Привет друзьям, врагам моим,
Любовь — одним и мир — другим.
Прощайте, травы, тростники,
Родимой Эйр, моей реки.

И эта любовь к друзьям, и к врагам, и к каждой травинке была одним из самых главных источников его творчества и его поразительного оптимизма.

Пожалуй, в мировой литературе больше и нет поэта с таким светлым, солнечным даром. Его музу нельзя спутать ни с чьей, его муза — муза счастья, муза света. Его песни — это подлинно народные песни.

Трудно, конечно, судить о его творчестве, не зная языка, но великую миссию совершил Самуил Маршак, создавший переводы, посредством которых Бернс стал принадлежностью и русского народа и всех, кому русский язык стал родным. И напевая «В полях под снегом и дождем», часто и не задумываешься о том, что это что-то нерусское. Интересно, что даже марка с портретом Бернса впервые появилась в Советском Союзе. Это было в 1959 году, в связи с 200-летием Бернса. Как вспоминает член парламента Э. Хьюз, когда ему вручили в Москве конверт с этими марками, он «испытал в эту минуту острое чувство стыда». (5) Он же показал эти марки тогдашнему премьер-министру Г. Макмиллану. В результате в Англии была выпущена марка в честь... 207-летия Бернса. Таким образом была исправлена эта оплошность английской почты, и впервые в английской истории на почтовой марке была изображена не королева, а народный поэт Роберт Бернс. Этот эпизод еще раз показывает, кем для нас стал этот шотландский бард.

Пусть же лира Бернса никогда не умолкает.

Был бы скучен этот свет,
Очень скучен, однозвучен,
Был бы скучен этот свет,
Скучен без улыбки!

А что касается отношений поэта и придворной знати, так эта проблема наверное из вечных. Тут можно и Пушкина вспомнить, и Лермонтова, а в наше время Пастернака, Ахматову, а уж в самое ближайшее время — Высоцкого. Каждый решает эту проблему сам, и наше счастье, что Бернс не изменил своей музе и не стал придворным поэтом. Зато он остался в наших сердцах.

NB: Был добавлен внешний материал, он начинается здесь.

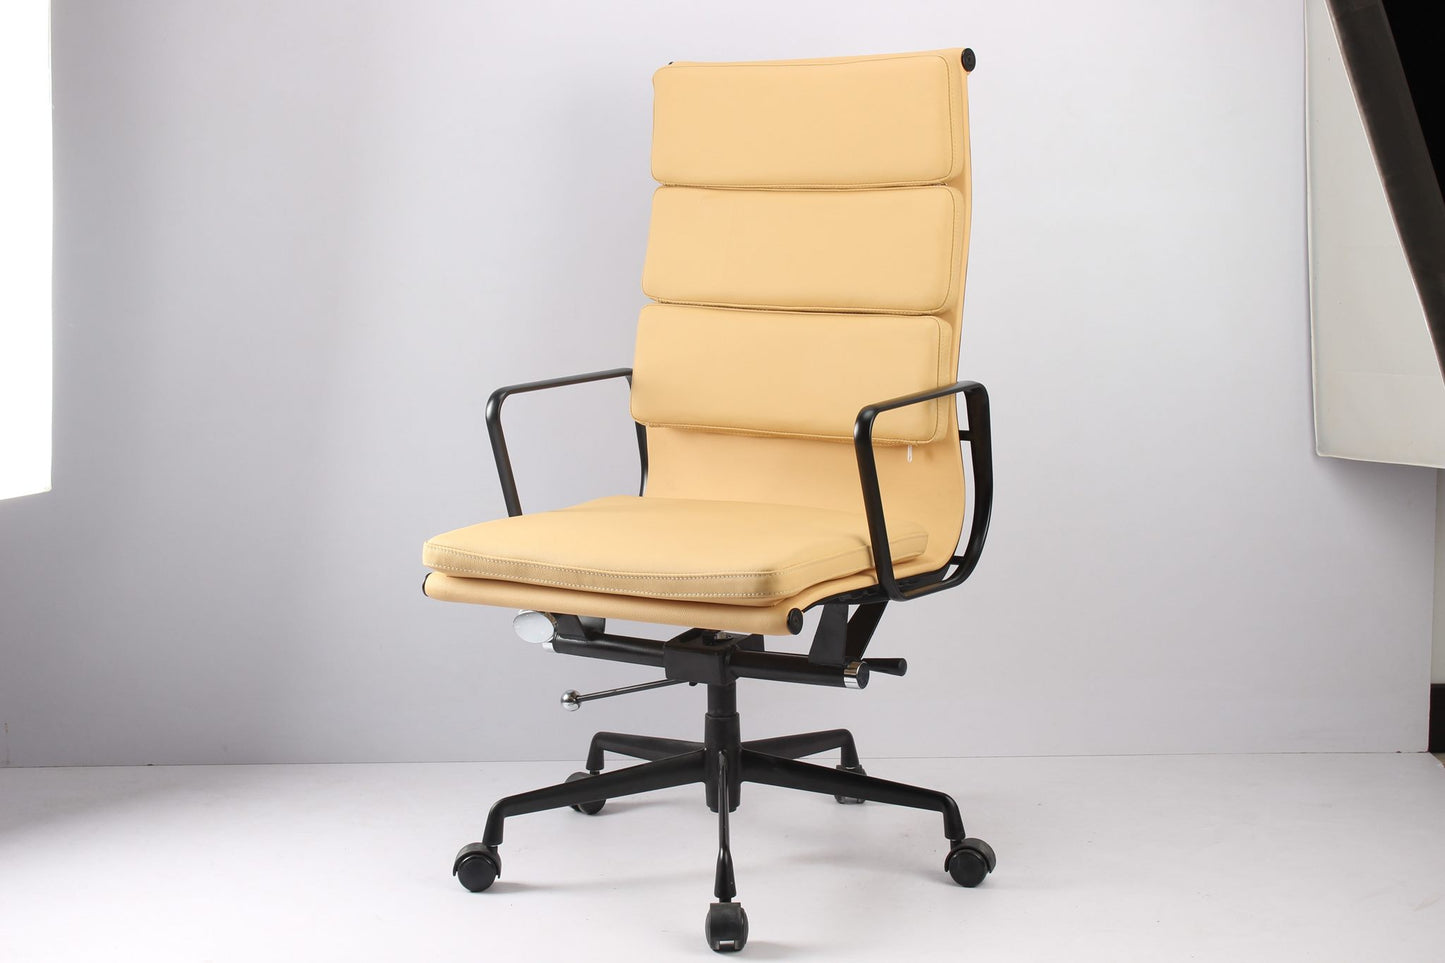 RP Genuine Leather Eames Soft Pad high back Office Chair, Beige color in stock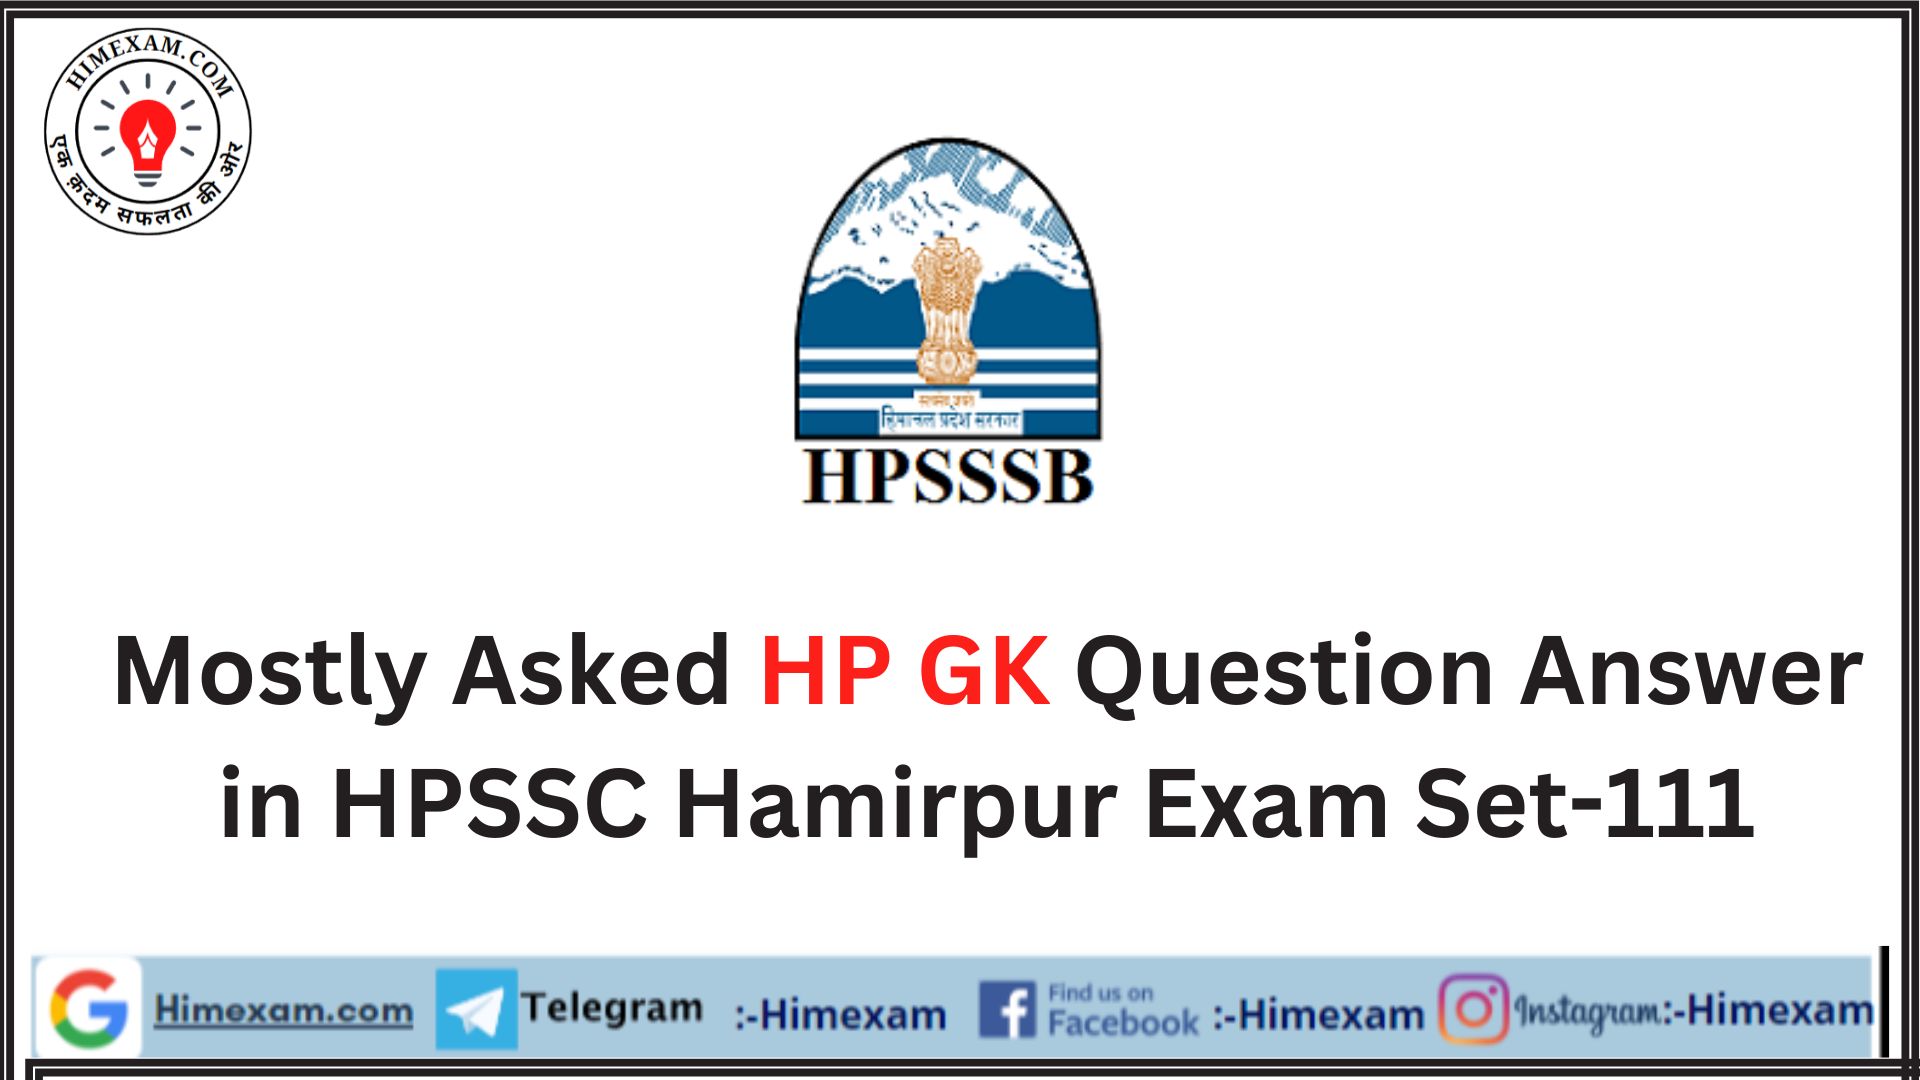 Mostly Asked HP GK Question Answer in HPSSC Hamirpur Exam Set-111

Что может с этим сравниться?

1988

1) Р. Бернс. Стихи в переводах С. Маршака. М. Художественная литература. 1976. стр.160.

2) С. Д. Артамонов. История зарубежной литературы 17-18 вв. М. Просвещение. 1978. стр.342

3) С. Д. Артамонов. История зарубежной литературы 17-18 вв. М. Просвещение. 1978. стр.342

4) Р. Бернс. Стихи в переводах С. Маршака. М. Художественная литература. 1976. стр.368 (Примечания М. Морозова)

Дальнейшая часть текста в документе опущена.